This story was originally published by Advisor’s sister publication, Maclean’s.
Microsoft Corp. is paying $26.2 billion to acquire LinkedIn as the career-oriented social networking site struggles to overcome weak user engagement, slowing sales and a stagnant share price. But given Microsoft’s track record when it comes to scooping up wayward tech companies, don’t expect a turnaround story for LinkedIn anytime soon—if ever.
The deal, Microsoft’s biggest, is being billed as a way for the lumbering software giant to add to its portfolio of business-oriented software and services like Office365, while also providing it with a foothold in the fast-growing social networking sphere. Since being named CEO in 2014, Satya Nadella has been on a mission to remake Microsoft into a “productivity and platforms” company as the computing world gradually moves away from PCs, which Microsoft long dominated, in favour of mobile devices.

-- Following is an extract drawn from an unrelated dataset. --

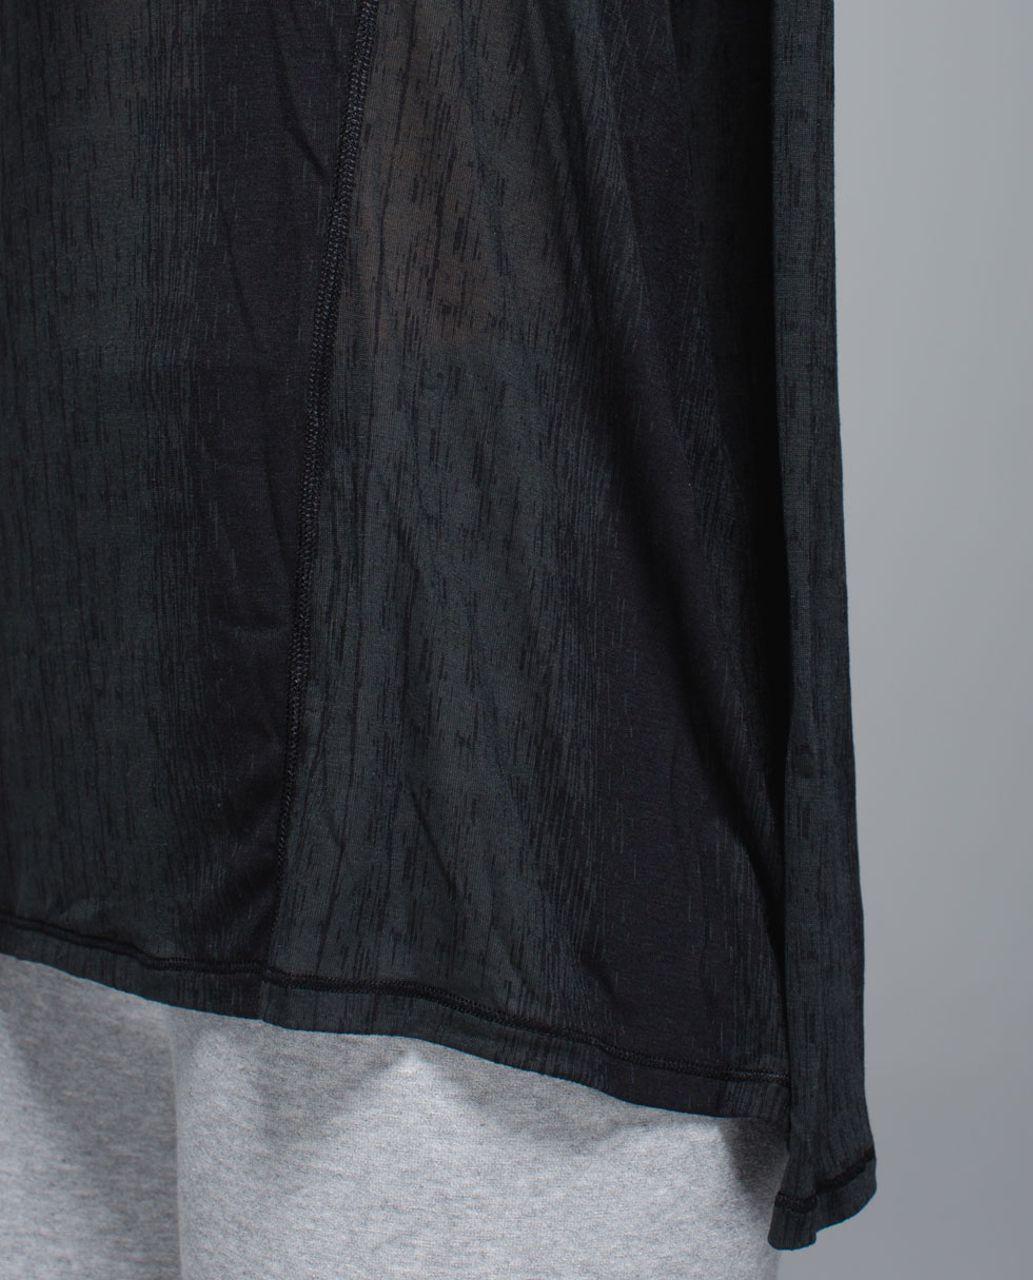 Lululemon Salutation To Savasana Tank - Misty Stripe Burnout Black
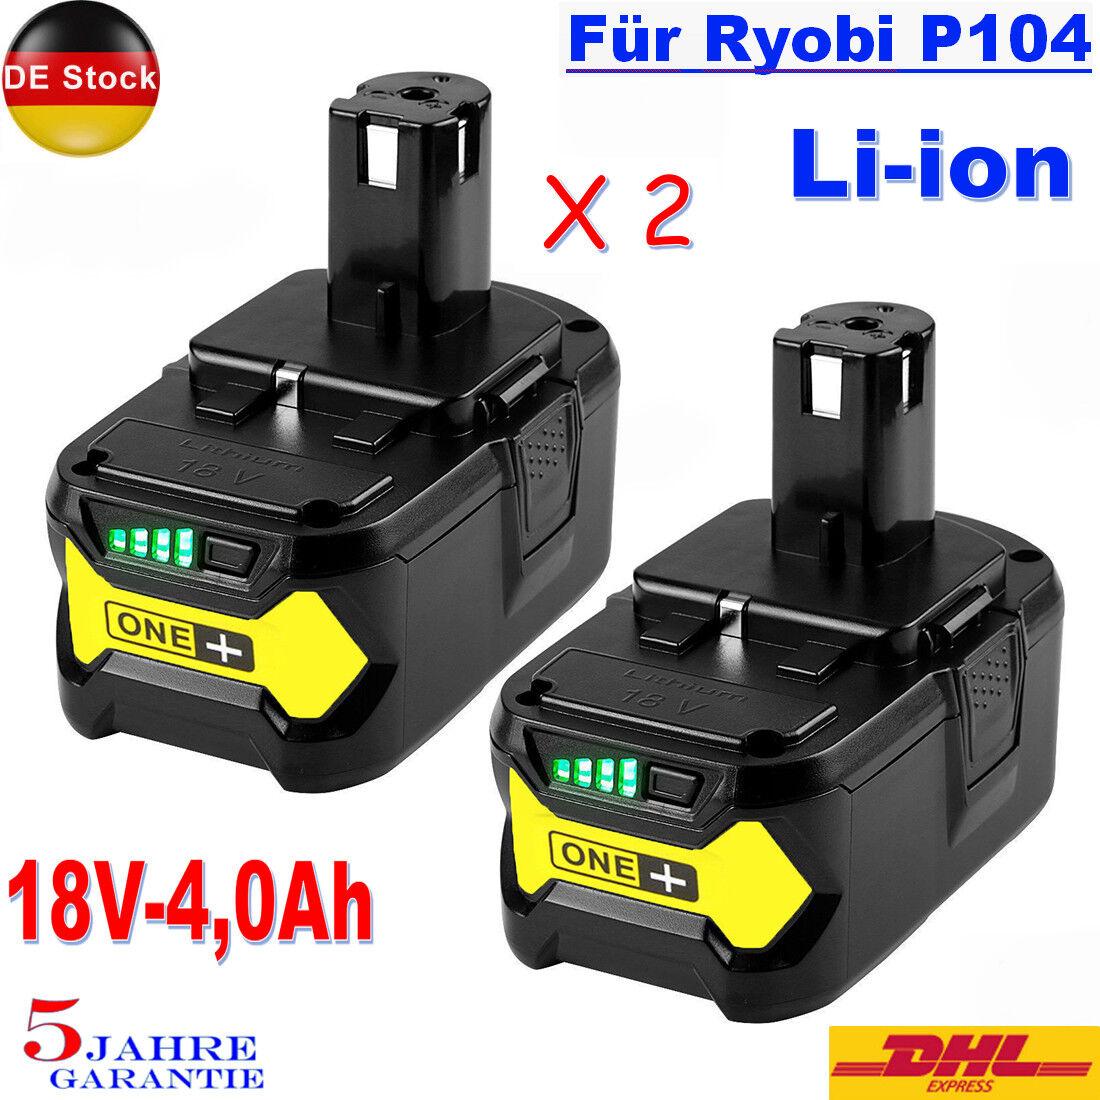 2X 18V Für P108 Ryobi One Plus High Capacity Akku P104 P105 P107 Batterie 4,0Ah

So what, exactly, would LinkedIn, with some 105 million active monthly users, add to Microsoft’s menu? Some say LinkedIn will help broaden and deepen the appeal of Microsoft’s products among business customers. Others believe Redmond, WA-based firm is hoping LinkedIn’s reams of data about people and their employers can be tapped by its Cortana digital assistant to prep Windows 10 users for sales and other meetings. “It sounds smarmy, but a good salesperson will tell you that an emotional connection helps seal the deal,” wrote Mark Hachman, a senior editor at PCWorld.
For LinkedIn, meanwhile, the tie-up mostly offers it a reprieve from competition and angry investors. Earlier this year, LinkedIn’s stock plummeted 43% in a single day after executives released a sales forecast that came in well below expectations.